Re: Session handling with multiple drillbits

2018-09-04 Thread John Omernik
The session is the users session, not the drill bit. Since you are
connected to a specific drill bit, when you alter session it will work. Try
to use session stickiness or pinning on your HA solution and you will be
go. With my DNS round robin it picks a "connecting" drill bit and sticks to
it until the session is done. The settings apply to the drill cluster while
in distributed mode.

On Tue, Sep 4, 2018 at 3:56 PM, Joe Auty  wrote:

> Thanks for your response John!
>
> We are using Drill both in an ETL context, as well as for general
> warehouse queries. One Drill user uses store format set to Parquet while
> the other uses store format set to CSV to read and write from HDFS. We are
> currently using Kubernetes Services rather than DNS round robin, but we
> only have one drillbit in the cluster while we try to sort out this issue.
>
> I'm not clear though how alter session would work with a session with
> multiple drillbits involved? We need to ensure that the right store format
> option is set, so like I said we are using different Drill usernames and
> sessions to accommodate this, but how would alter session commands apply to
> preserve these different settings across multiple drillbits?
>
>
>
>
>
>
> John Omernik wrote on 2018-09-04 2:48 PM:
>
>> Are these ETL ish type queries?  store.format should only apply when Drill
>> is writing data, when it is reading, it uses the filenames and other hints
>> to read.
>>
>> Thus, if you do HA, say with DNS (like like in the other thread) and prior
>> to running your CREATE TABLE AS (I Am assuming this is what you are doing)
>> you can do ALTER SESSION set store.format = 'parquet'
>>
>> Instead of setting the ALTER SYSTEM, you can use ALTER SESSION so it only
>> applies to the current session, regardless of foreman.
>>
>> John
>>
>>
>> On Tue, Sep 4, 2018 at 1:00 PM, Joe Auty  wrote:
>>
>> Hello,
>>>
>>> We need to have some queries executed with store.format set to parquet
>>> and
>>> some with this option set to CSV. To date we have experimented with
>>> setting
>>> the store format for sessions controlled by using two separate user
>>> logins
>>> as a sort of context switch, but I'm wondering if the group here might
>>> have
>>> suggestions for a better way to handle this, particularly one that will
>>> scale a little better for us?
>>>
>>> The main problem we have with this approach is in introducing multiple
>>> drillbits/HA and assuring that the session and the settings we need are
>>> respected across all drillbits (whether with an HAProxy + sticky session
>>> approach or any other approach). There is a more general thread (which
>>> I've
>>> chosen not to hijack) about HA Drill from a more general standpoint, you
>>> might think of my question here as being similar, but with the need for a
>>> context switch to support multiple Drill configurations/session options.
>>>
>>> Here are the various attempts and approaches we have come up with so far.
>>> I'm wondering if you'd have any general advice as to which approach would
>>> be best for us to take, considering future plans for Drill itself.
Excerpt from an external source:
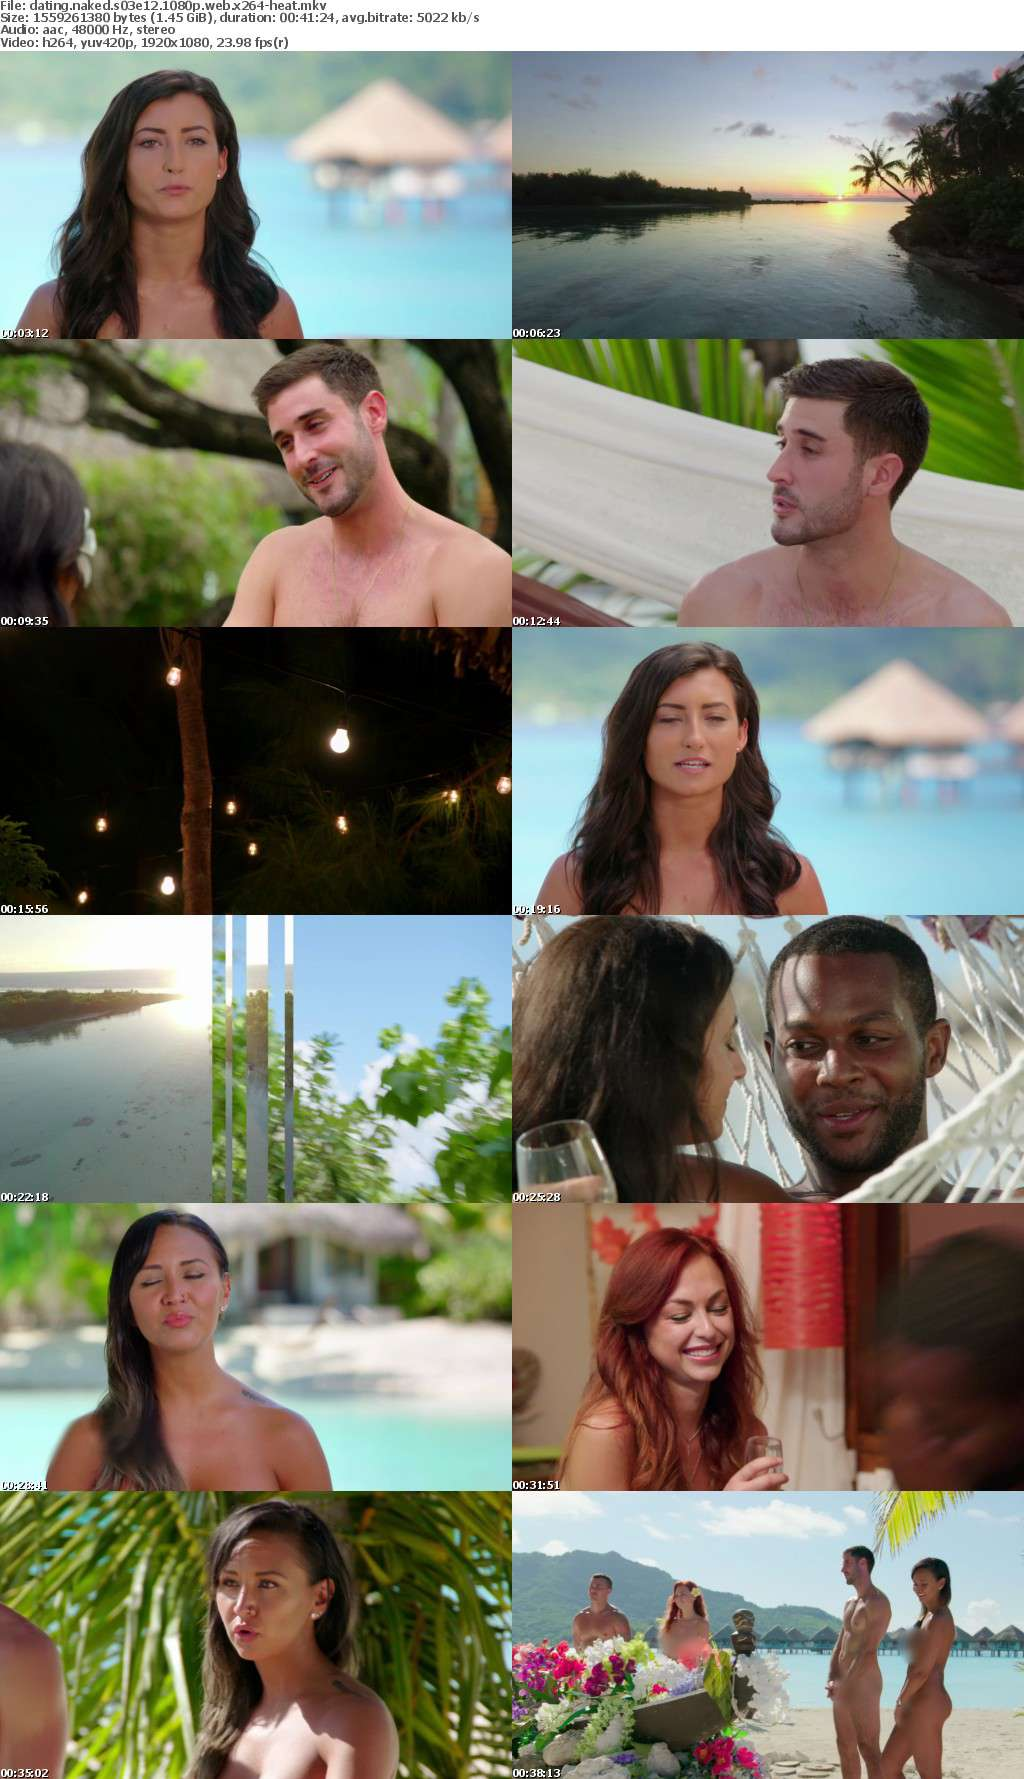 Dating Naked S03E12 1080p WEB x264-HEAT
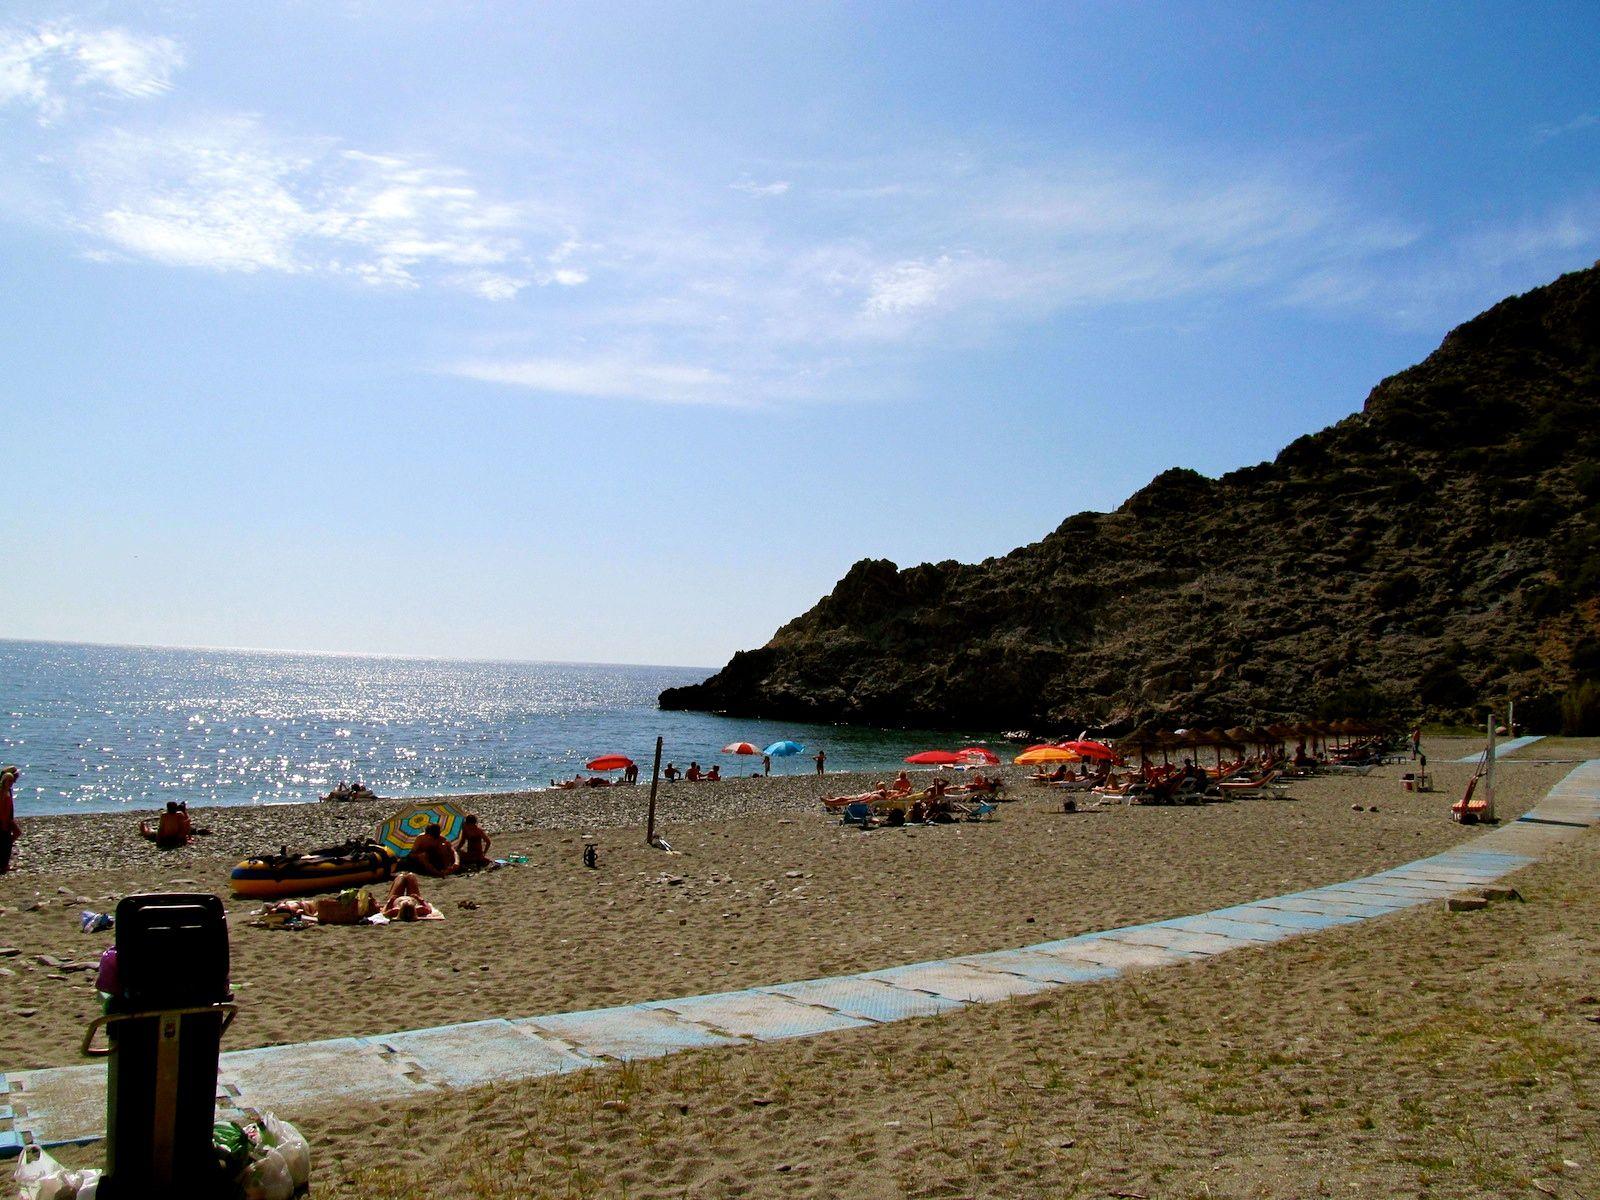 piste 2 playa, sierra nevada beach in a day, beach, cantarrijan, roadtrip

For
>>> example, if need be we can write our own plugin(s) if this is the
>>> smartest
>>> approach:
>>>
>>> - embedded the store.format option into the query itself by chaining
>>> multiple queries together separated by a comma (it appears that this
>>> doesn't work at all)
>>> - look into writing some sort of plugin to allow us to scale our current
>>> approach somehow (I realize that this is vague)
>>> - a "foreman" approach where we stick with our current approach and
>>> direct
>>> all requests to our "foreman"/master with the hope and expectation that
>>> it
>>> will farm out work to the workers/slaves
>>> - multiple clusters set with different settings
>>>
>>> Each of these approaches seems to have its pros and cons. To reiterate:
>>> what approach do you think would be the smartest and most future-proof
>>> approach for us to take?
>>>
>>> Thanks in advance!
>>>
>>>
>


Re: Session handling with multiple drillbits

2018-09-04 Thread Joe Auty

Thanks for your response John!

We are using Drill both in an ETL context, as well as for general 
warehouse queries. One Drill user uses store format set to Parquet while 
the other uses store format set to CSV to read and write from HDFS. We 
are currently using Kubernetes Services rather than DNS round robin, but 
we only have one drillbit in the cluster while we try to sort out this 
issue.


I'm not clear though how alter session would work with a session with 
multiple drillbits involved? We need to ensure that the right store 
format option is set, so like I said we are using different Drill 
usernames and sessions to accommodate this, but how would alter session 
commands apply to preserve these different settings across multiple 
drillbits?






John Omernik wrote on 2018-09-04 2:48 PM:

Are these ETL ish type queries?  store.format should only apply when Drill
is writing data, when it is reading, it uses the filenames and other hints
to read.

Thus, if you do HA, say with DNS (like like in the other thread) and prior
to running your CREATE TABLE AS (I Am assuming this is what you are doing)
you can do ALTER SESSION set store.format = 'parquet'

Instead of setting the ALTER SYSTEM, you can use ALTER SESSION so it only
applies to the current session, regardless of foreman.

John


On Tue, Sep 4, 2018 at 1:00 PM, Joe Auty  wrote:


Hello,

We need to have some queries executed with store.format set to parquet and
some with this option set to CSV. To date we have experimented with setting
the store format for sessions controlled by using two separate user logins
as a sort of context switch, but I'm wondering if the group here might have
suggestions for a better way to handle this, particularly one that will
scale a little better for us?

The main problem we have with this approach is in introducing multiple
drillbits/HA and assuring that the session and the settings we need are
respected across all drillbits (whether with an HAProxy + sticky session
approach or any other approach). There is a more general thread (which I've
chosen not to hijack) about HA Drill from a more general standpoint, you
might think of my question here as being similar, but with the need for a
context switch to support multiple Drill configurations/session options.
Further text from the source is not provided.